Denis Christel, the son of Sassou Nguesso, is mentioned multiple times in the case files. A PNF document from 2019 singles him out for his “exorbitant lifestyle.”

“The amount of property seized is at first glance very limited compared to the flood of embezzlement, but Denis Christel Sassou Nguesso is a first-rank player,” said William Bourdon, a lawyer representing corruption watchdog Transparency International France, a civil plaintiff in the case.

“Given the weight of evidence, his denials are pathetic and insulting to the judges and to France,” he added.
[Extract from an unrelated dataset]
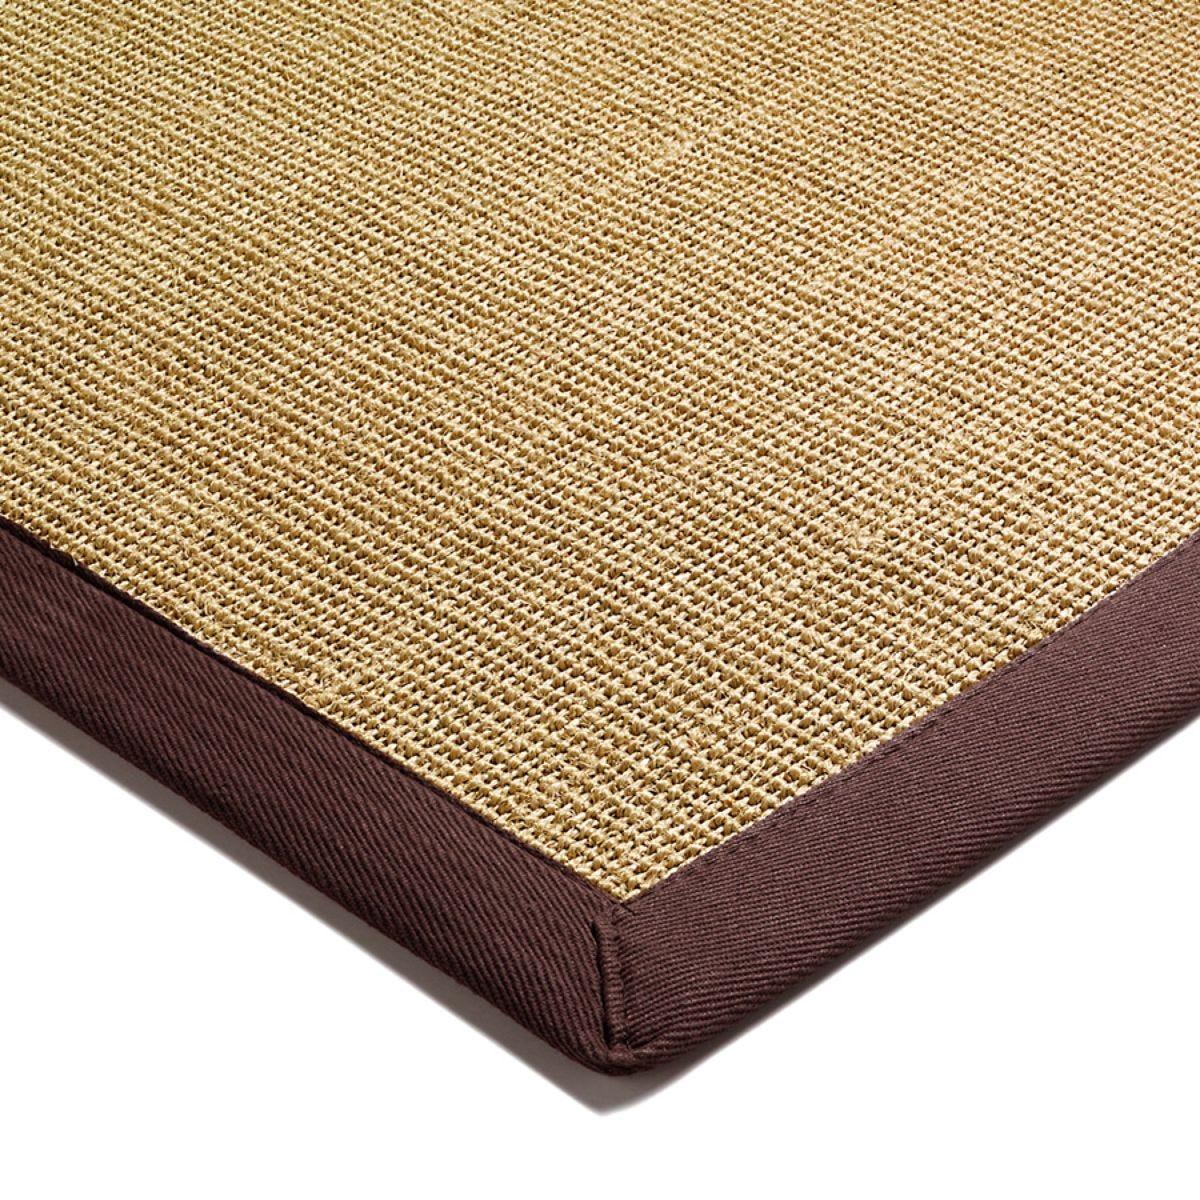 Asiatic Sisal Rug 180 x 120cm - Chocolate

Since 2017, at least five members of the Nguesso family have caught the attention of investigators.

The top court in France this week upheld the conviction of Bashar al-uncle Assad’s using a new statute on ill-gotten gains that was passed last year.

The Court of Cassation upheld the confiscation of a 90 million euro property empire and the four-year prison term for 85-year-old Rifaat al-Assad, which he is unlikely to serve given his age and poor health.

In order to distinguish it from its larger neighbor, the Democratic Republic of Congo, the Republic of Congo is often known as Congo-Brazzaville.